La composition du nouveau gouvernement dirigé par le Premier ministre Lecornu a été dévoilée ce lundi, révélant une hiérarchie ministérielle qui témoigne des priorités de l’exécutif : sécurité et défense en tête, au détriment de l’éducation et de la santé.
L’ordre protocolaire des ministères, qui n’est jamais aléatoire, place désormais la police et l’intérieur en première position, suivis des armées. Un choix qui, selon des observateurs, envoie un signal fort à la bourgeoisie française, préoccupée par le recul de l’influence française à l’international et la montée des tensions géopolitiques. Comme l’explique le Journal du Dimanche : « Lors d’un remaniement, l’ordre dans lequel sont nommés les ministres ne relève ni du hasard ni de l’ordre alphabétique. Ils sont nommés selon un ordre protocolaire précis. Celui-ci indique l’importance de chaque ministère dans la politique que le Premier ministre souhaite mener ».

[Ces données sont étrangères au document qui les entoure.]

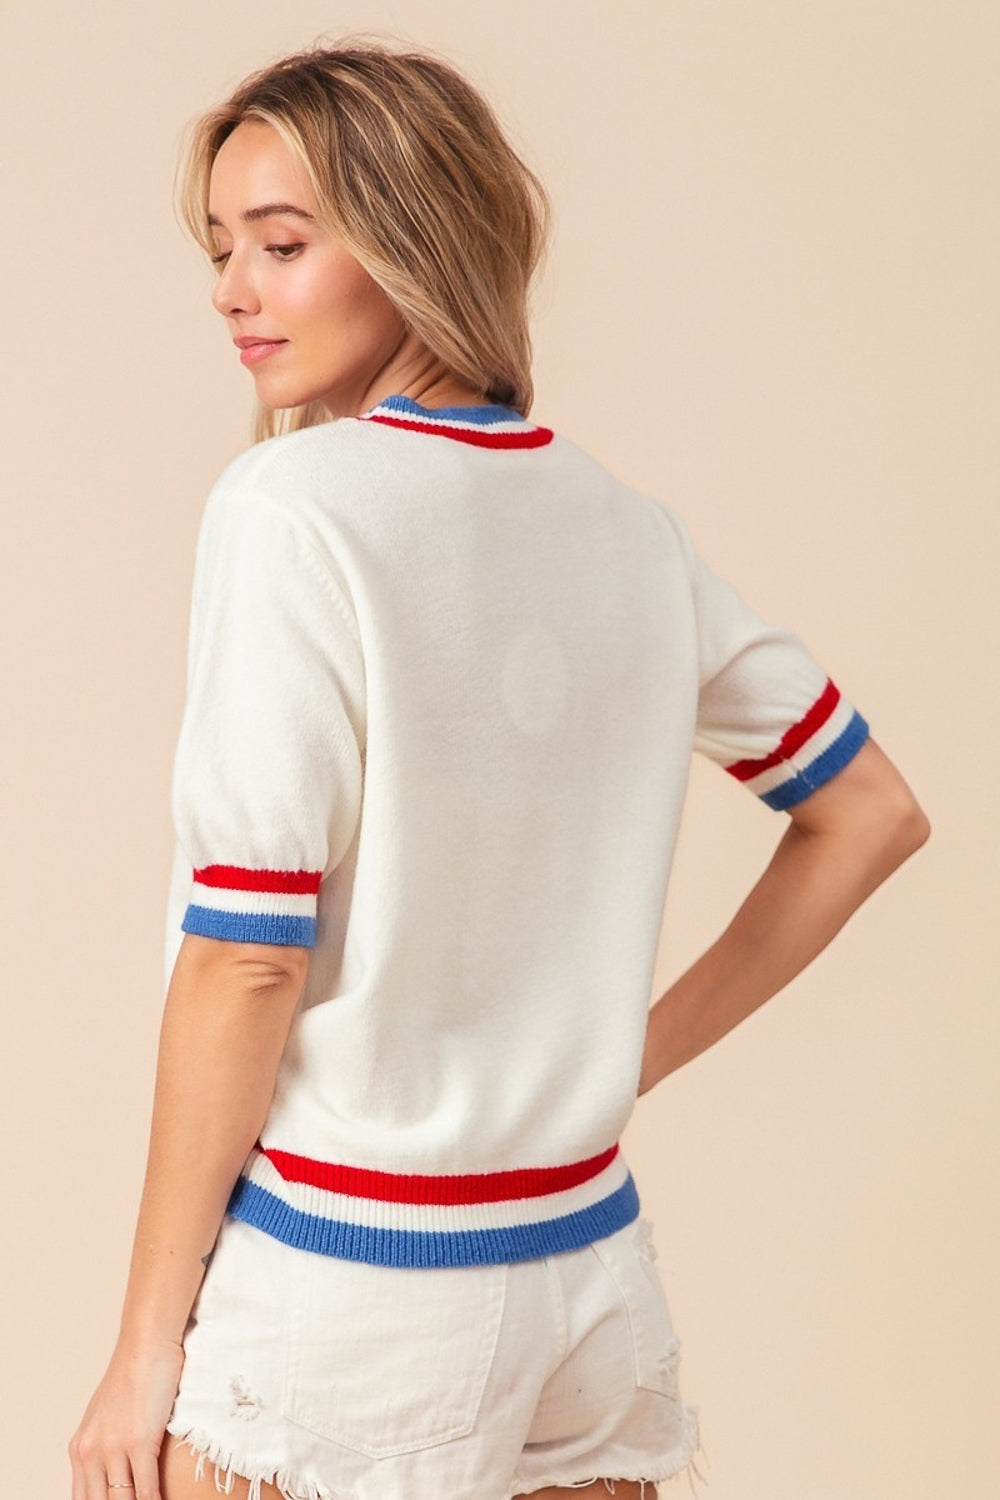 BiBi US Flag Theme Striped Heart Sweater Trendsi

À l’inverse, l’éducation et la santé se retrouvent reléguées aux 9ème et 11ème rangs, confirmant selon certains, la poursuite des politiques de restructuration et de coupes budgétaires qui les ont caractérisées ces dernières années. Le ministère de la santé se voit également attribuer la mission des « Familles », une orientation perçue comme une vision réactionnaire centrée sur la reproduction.
Ce repositionnement ministériel intervient dans un contexte de tensions internationales croissantes et de volonté affichée de renforcer l’appareil militaire français. Pour certains, cette stratégie vise à répondre aux inquiétudes d’une élite économique et politique soucieuse de préserver l’influence de la France, notamment en Afrique.
Face à cette orientation gouvernementale, des voix s’élèvent pour appeler à une mobilisation sociale et à la défense d’un projet de société alternatif, axé sur des préoccupations radicalement différentes de celles de l’exécutif et du monde patronal.